Washington, D.C., founded on July 16, 1790, is the esteemed capital of the United States. Situated along the banks of the Potomac River, our nation’s capital encompasses the coincident boundaries of the City of Washington and the District of Columbia, recognizing the two as a single entity. Article One of the U.S. Constitution, which recognizes the need for a federal district separate from the states, resulted in the formation of Washington, D.C. as a permanent national capital.
If you’re heading to state court in Washington, D.C., you’ll probably go to one of 3 trial courts: the U.S. District Court for the District of Columbia, which includes the Superior Court and the Court of Appeals. The Superior Court hears all local trial court matters such as civil, criminal, family courts, landlord and tenant, tax and traffic. The Superior Court has jurisdiction over all of the District of Columbia’s legal matters. The Court of Appeals handles all appeals of Superior Court Cases and handles admissions to the D.C. Bar, discipline of attorneys, and oversight of unauthorized law practices.
If you have a personal injury case in Washington, D.C., your claim will be heard in civil court. This FAQs section gives you information about civil lawsuits. If you are confused about the terms you hear while in court, you may find this list of common legal terms handy. Once you’ve gone through a trial, you may have the right to appeal your personal injury case to the state Court of Appeals or the Supreme Court. Both of those appellate courts are in Washington, D.C.
Washington, D.C., according to the 2000 Census, has a population of 572,059 residents. The District of Columbia encompasses 68.3 square miles, with 9,015 individuals per square mile. The City of Washington, Baltimore, MD, and the surrounding communities combine to form the Baltimore-Washington Metropolitan Area whose population exceeds 8 million residents. This massive metropolitan area ranks fourth in the nation.
Washington, D.C.’s burgeoning economy thrives on a diverse base of employment. The District houses all three branches of the U.S. Federal Government, whose services account for nearly 27 percent of local jobs. These government entities also help to sustain additional businesses such as catering companies, law firms, lobbying firms and nonprofit organizations. Our nation’s capital draws commuters to the area with its career options in finance, scientific research and education. Higher learning facilities include Georgetown University, Howard University and George Washington University.
Washington, D.C. ranks among the busiest cities in the nation, where congested thoroughfares such as I-95 and the Capital Beltway are the norm. Washington Metropolitan Area Transit Authority meets large portions of the area’s transportation needs via the Metrobus and Metrorail systems. Union Station provides bus and train options, while three major airports serve the District. These include Baltimore-Washington International Thurgood Marshall Airport, Ronald Reagan National Airport, and Washington-Dulles International Airport.

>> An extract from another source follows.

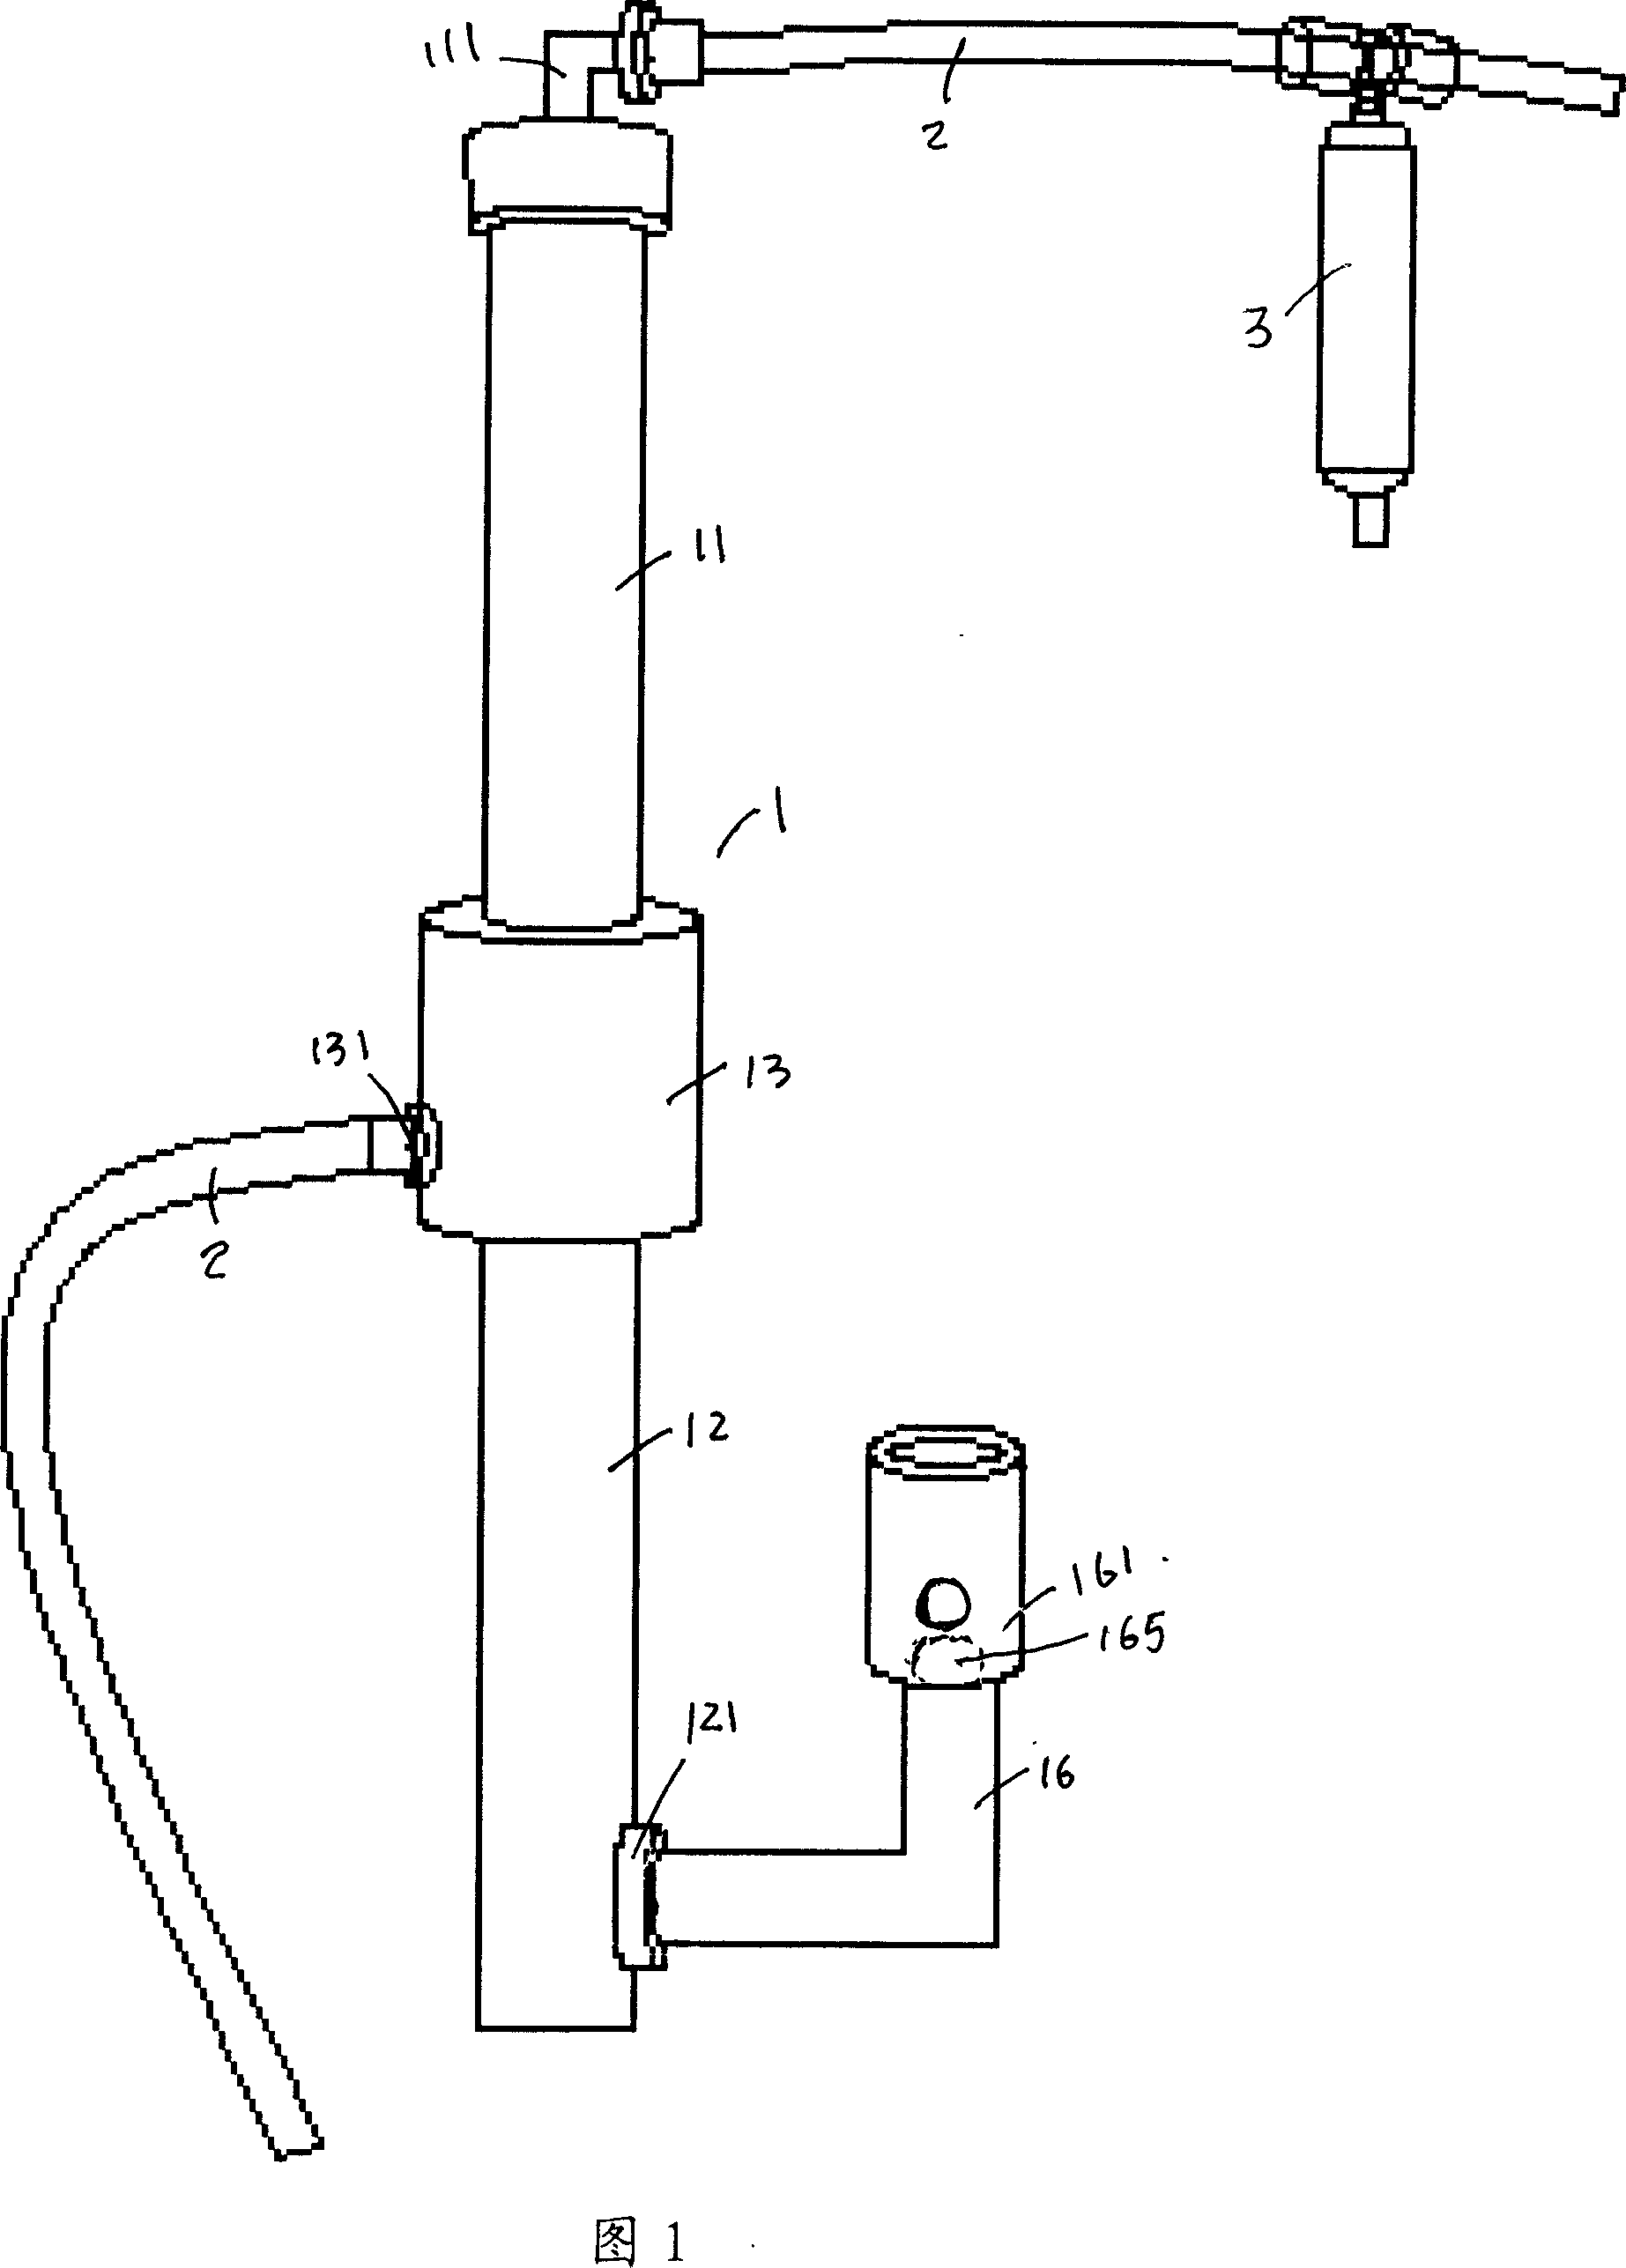 Gas pretreatment device for logging and its alarming controller

Washington, D.C.’s humid subtropical climate features four distinct seasons, suitable for enjoying the many cultural and recreational opportunities this stunning capital city provides. Tourists have access to a wide array of historic sites significant in the history of the United States. National landmarks include the Lincoln Memorial, the National Archives, National Mall and the Washington Monument. The Smithsonian Institution features numerous galleries and museums that remain free to the public. Other popular destinations in the District include the United States Capitol, the White House, the Library of Congress and the John F. Kennedy Center for the Performing Arts, which is home to the National Symphony Orchestra, the Washington National Opera and the Washington Ballet.